How L&T Survived a Hostile Takeover, then did the same to Mindtree
In 1987, a sense of apprehension broke out in L&T, when a Dubai-based businessman named Manu Chhabria bought a 1% stake in the company. Afraid of Manu’s hostile takeovers, NM Desai, the former chairman of L&T, approached business tycoon Dhirubhai Ambani for help.
Dhirubhai saved L&T by acquiring a 12.5% stake. Both young Mukesh and Anil were given Board seats at L&T. The stake later increased to 18% for approx Rs. 190 Cr over the next 2 years. Not only did Ambani increase the stake, but he also slowly became the board member and, on top of this, brought his sons Mukesh & Anil to the board!
Now, Dhirubhai Ambani was the one trying to take over L&T !
However, Dhirubhai’s true intentions showed up when he got elected as the chairman, and N M Desai got kicked out of his own company. L&T was a cash-rich entity & so he used a line of credit to buy huge chunks of RIL shares for L&T
When V P Singh became the Prime Minister in 1989, he brought back govt control in L&T via LIC, obstructing every move the Ambanis made. Dhirubhai had no option but to eventually leave his chairmanship Despite Congress’s return in 1991, Dhirubhai couldn’t make a comeback because of the indirect hindrance caused by then Finance Minister Dr. Manmohan Singh via LIC.
In 2001, Reliance exited from L&T by selling its stake to K.M. Birla’s Grasim industries, and for the first time, Dhirubhai lost a business battle.
Now, Birla had eyes on the cement division L&T had! His Grasim was neck to neck in competition with L&T Cement.
To save the company, Naik brought the synergies of all the employees and
asked them to become the owners of the company. So, the L&T’s
employee trust was formed. After months of negotiations and discussions,
In 2003 Birla agreed to exit its stake in L&T and it was sold to
the employee trust.
In return, Birla received L&T cement division and this way Ultratech Cement was born.
Part 2......
How the same L&T did a Hostile Takeover to Mindtree
In a normal scenario, when a company tries to acquire another, it can offer to gain control if it owns a 25 percent stake of the company it is trying to acquire. However, L&T did not own 25 percent ownership of the company. So, L&T used a loophole in the Securities and Exchange Board of India's (SEBI’s) Takeover Code.
As per this, those with a 25% stake or more cannot take over a company unless they make an open offer to acquire the shares and make a public announcement. However, the code also states whether or not one holds shares or voting rights, one cannot take control of the company unless a public announcement of an open offer to acquire those shares is made.
What this means is that using both these sections allows L&T to make an open offer, without having to own 25% shares in Mindtree.
With this takeover, L&T reportedly aims to acquire Mindtree.

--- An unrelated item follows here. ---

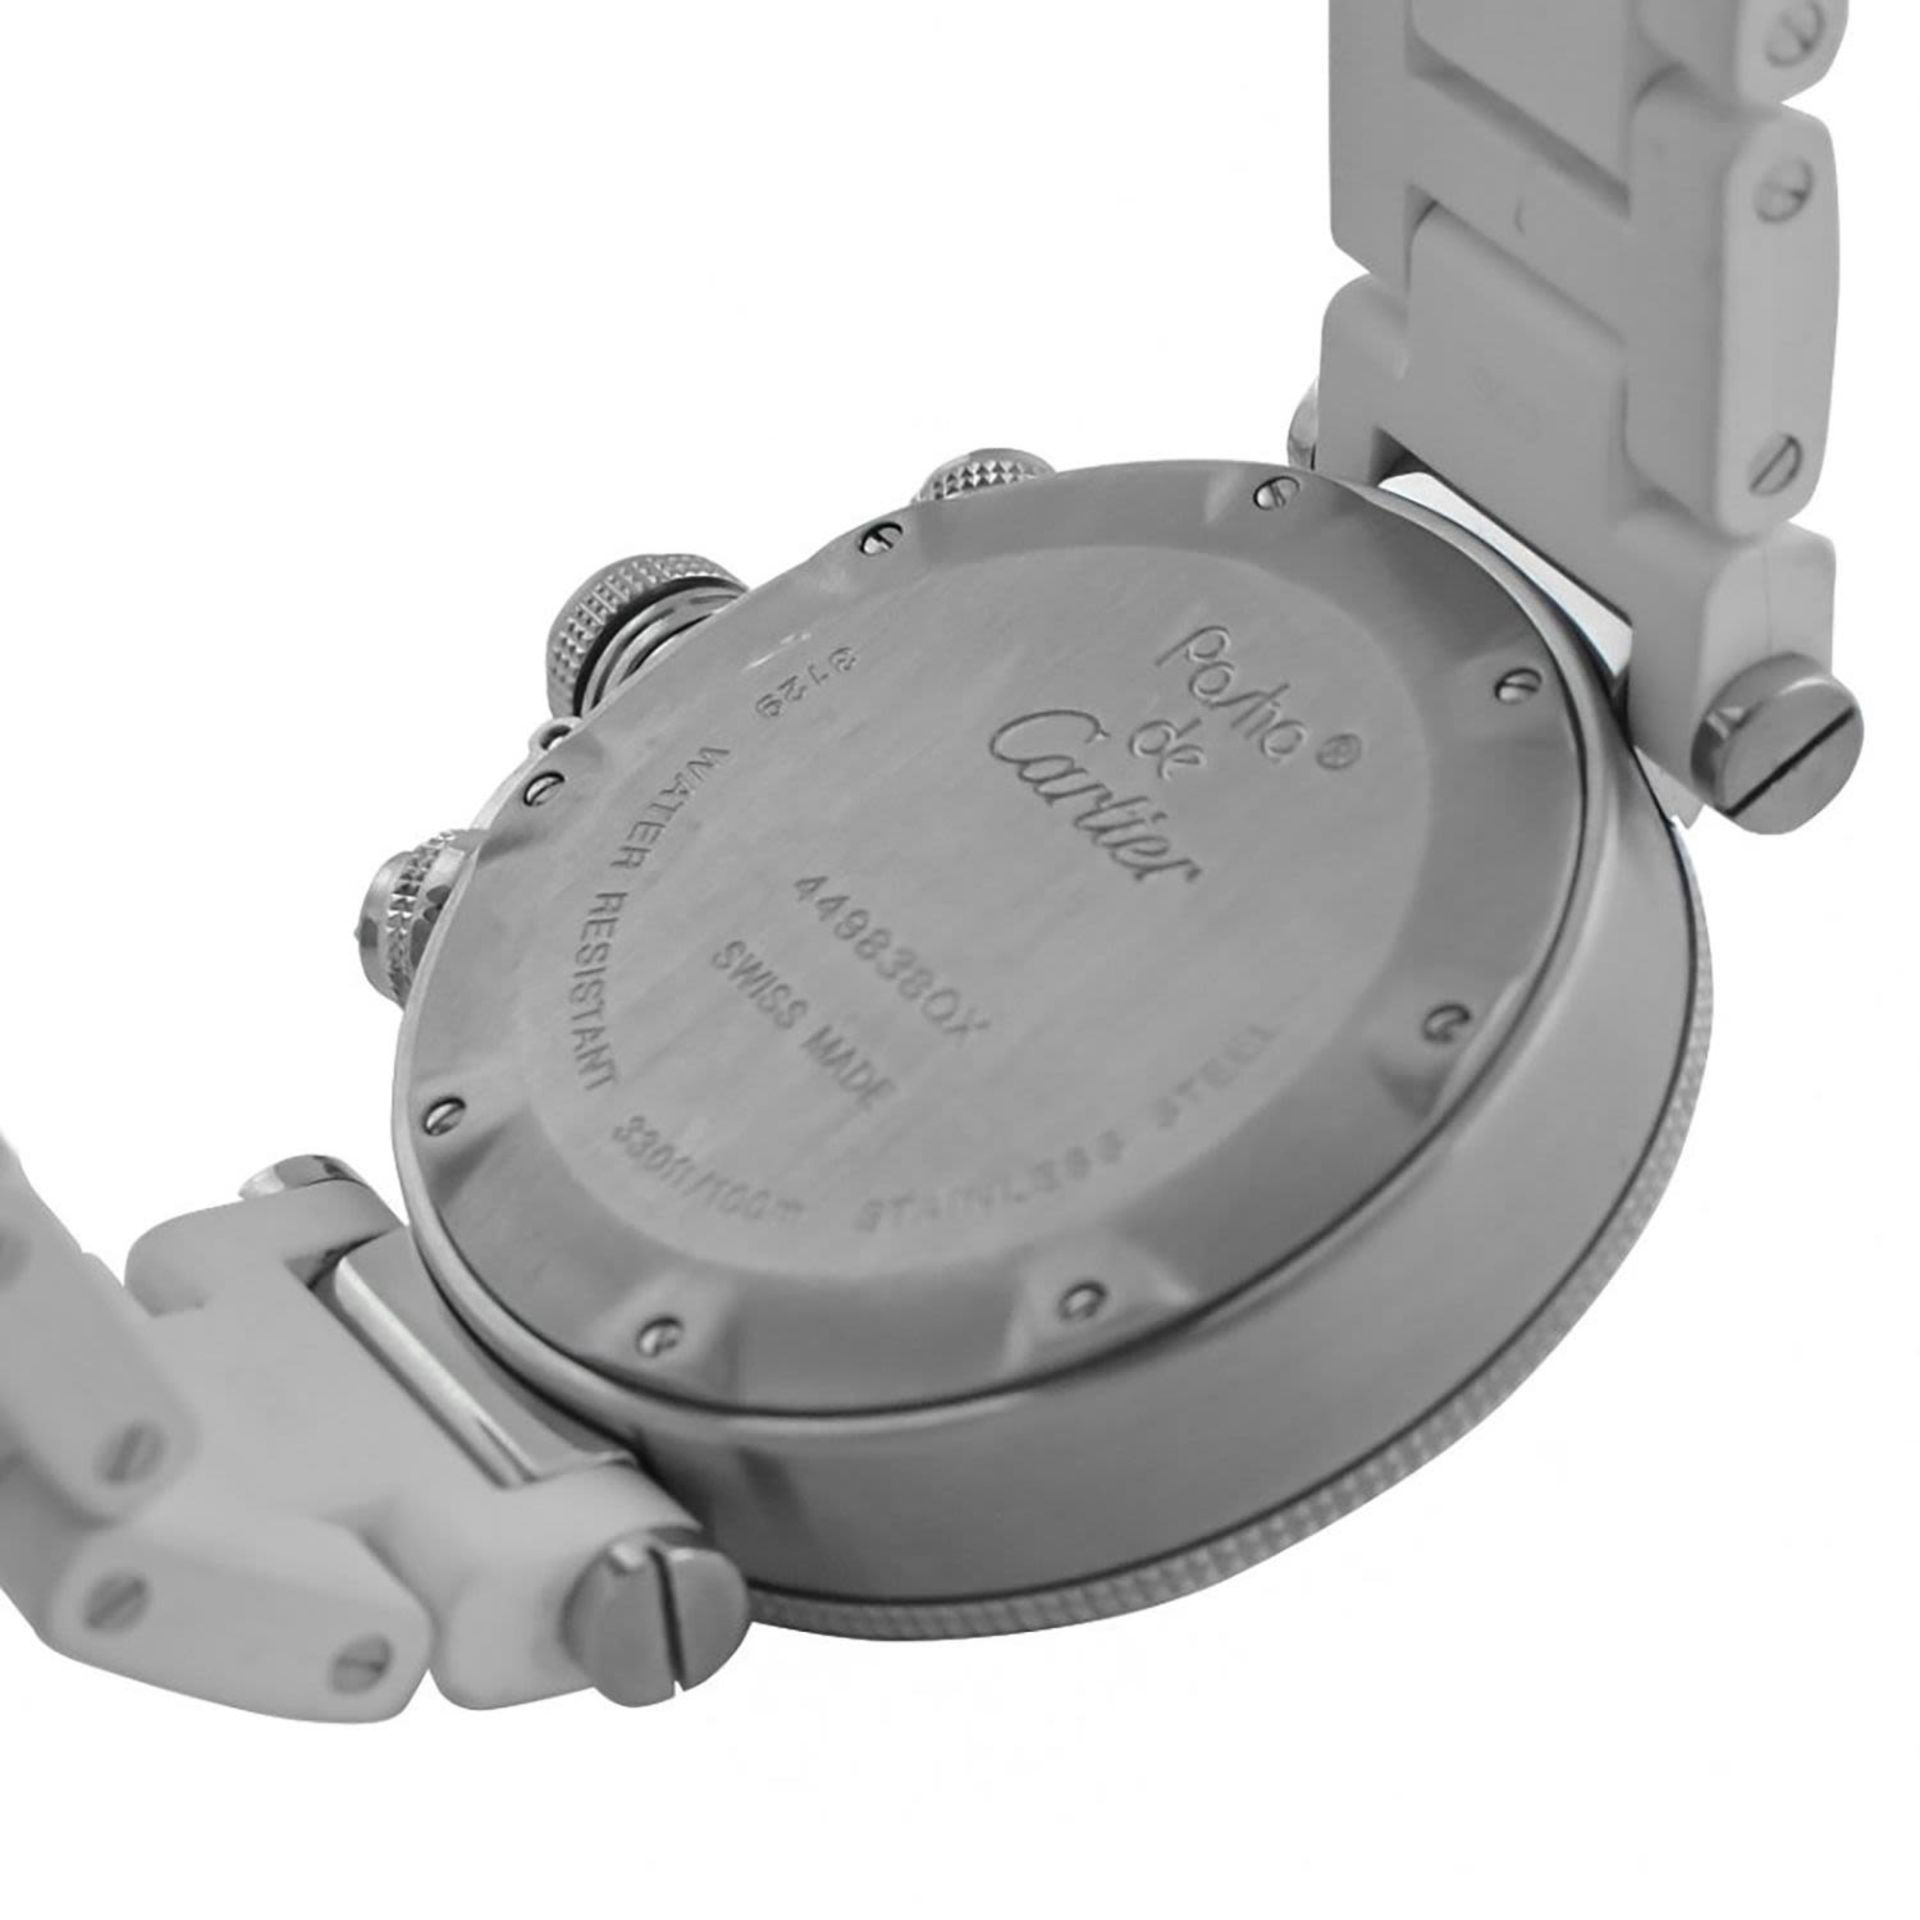 Cartier Pasha Chronograph 42mm Unisex wristwatch, in steel, year 2010 - Bild 5 aus 5

It has bought a 20.3% stake from Siddhartha and has placed an order with its broker for an on-market purchase of up to 15% of share capital.
V. G. Siddhartha, the non-executive director of Mindtree and the founder-promoter of Coffee Day Enterprises (“CDE”) held individually and through his companies, 20 % shares in Mindtree, whereas the promoters of the target company collectively held only 13.32 % shares in the company. Since Siddhartha and his company were burdened with debt and urgently needed to liquidate his holdings in Mindtree, Siddhartha asked L&T to acquire their shares. By acquiring Siddhartha’s shares in 2019 at the rate of Rs. 981/- per share, L&T’s shareholding in the target company far exceeded that of the promoters. L&T then made an open offer for the purchase of 31% shares.
When the matter was under consideration by SEBI, L&T managed to acquire shares from the secondary market via open market purchases through which its stake reached 28.9%, and eventually, it received SEBI’s approval.
Despite opposition from Mindtree’s promoters, L&T managed to get enough public shareholders of the software company to tender their shares at ₹980 apiece and complete the open offer two days before its closing date of 28 June.